The presence of oxygen in biofuels such as ethanol and fatty acid methyl esters (FAME) is regarded as a detriment to the fuel, reducing calorific content and the cause of issues with fuel stability or hygroscopicity (i.e. their tendency to absorb water). However, oxygen does play an important role in fuel additives such as ethanol, where its presence enhances fuel combustion and thereby reduces exhaust emissions. The presence of oxygen in some biofuels creates challenges in blending these fuels with fossil fuels, creating what is known as a blend wall. To overcome these issues, biofuels development has focussed on the production of fungible fuels where the oxygen in biomass feedstock is removed. As a result the biofuel can now theoretically be blended up to 100% with fossil fuel. For example the production of hydrogenated vegetable oil (HVO) is favoured over the production of FAME as a diesel replacement.

So, is oxygen the villain hidden in biomass feedstock? Maybe from an energy perspective but quite a different story develops when considering the production of biobased chemicals and materials.

Chemicals and materials

Starch and cellulose are key biomass intermediates in the production of both biofuels and materials. However, whereas fuel production looks to reduce or remove the oxygen in starch and cellulose, materials such paper, starch-based adhesives and plastics have no issues with its presence.
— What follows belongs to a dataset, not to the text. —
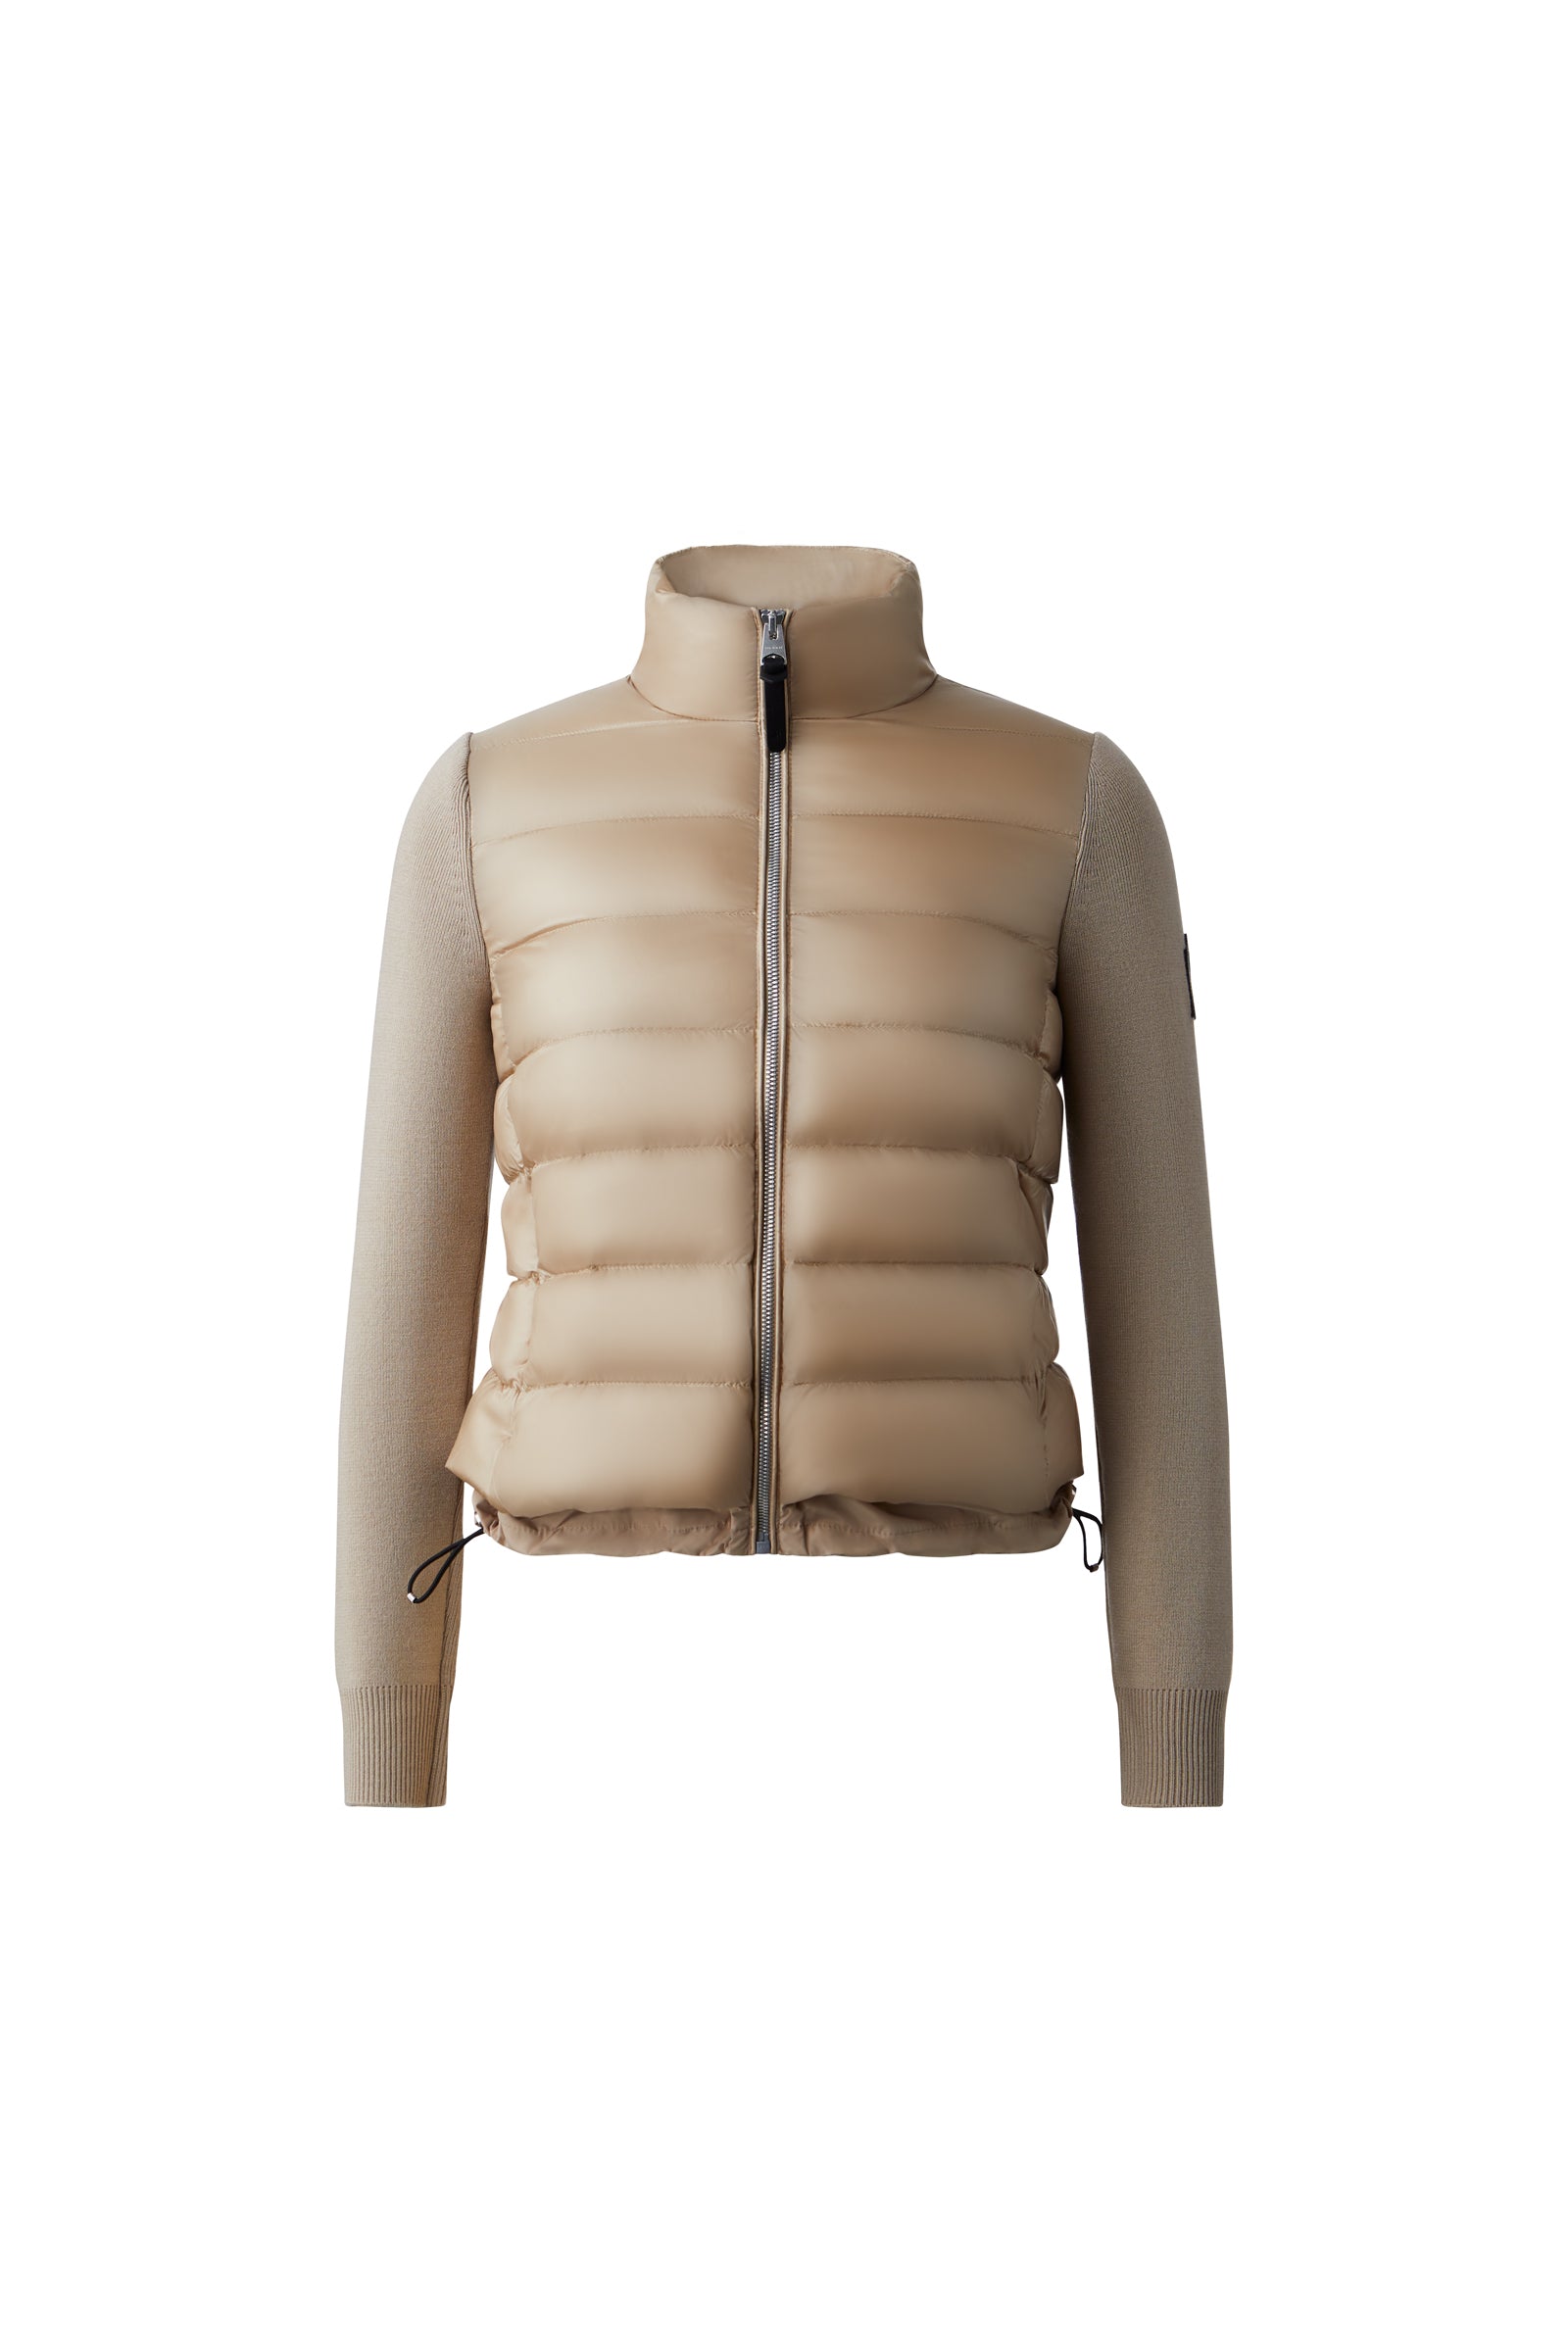 Mackage Oceane Recycled Hybrid Jacket With Rib Knit Sleeves Beige, Size:

In the petrochemical industry, which provides the inputs for 96% of all the products we use, considerable
effort and energy is expended towards adding oxygen to the hydrocarbon based raw materials (coal,
oil and fossil gas) that it uses. The presence of oxygen in biomass feedstock creates a potential
opportunity for biobased chemical production to by-pass fossil-derived primary chemicals to directly
produce oxygenated chemical intermediates (Figure 1).

Figure 1 Simplified extract of the petrochemical value chain showing important oxygenated chemicals
(green boxes)
Figure 1: Simplified extract of the petrochemical value chain showing important oxygenated chemicals
(green boxes)

Economics and Land

How we view and value oxygen also impacts on process economics and the land required to make chemicals and polymers.

It is possible to recreate the petrochemical value chain based on biomass feedstock, i.e. converting biomass to the key primary chemicals, ethylene, propylene etc. (Figure 1.). However, in doing this we risk suffering from a poor mass efficiency/balance as we eliminate oxygen (as water or carbon dioxide). This consideration can be demonstrated by comparing the production of the three polymers, cellulose polylactic acid and polyethylene.

Based on a reasonable biomass yield of 10 tonnes per ha, a theoretical yield of four tonnes of cellulose polymer could be produced. This assumes no process losses in the conversion of biomass to cellulose which is of course unrealistic. The same yield holds true for polylactic acid, the four tonnes of cellulose can be converted to lactic acid (2 moles of lactic acid produced per mole of glucose monomer, equation
1) and polymerised to polylactic acid with a theoretical hundred percent mass yield.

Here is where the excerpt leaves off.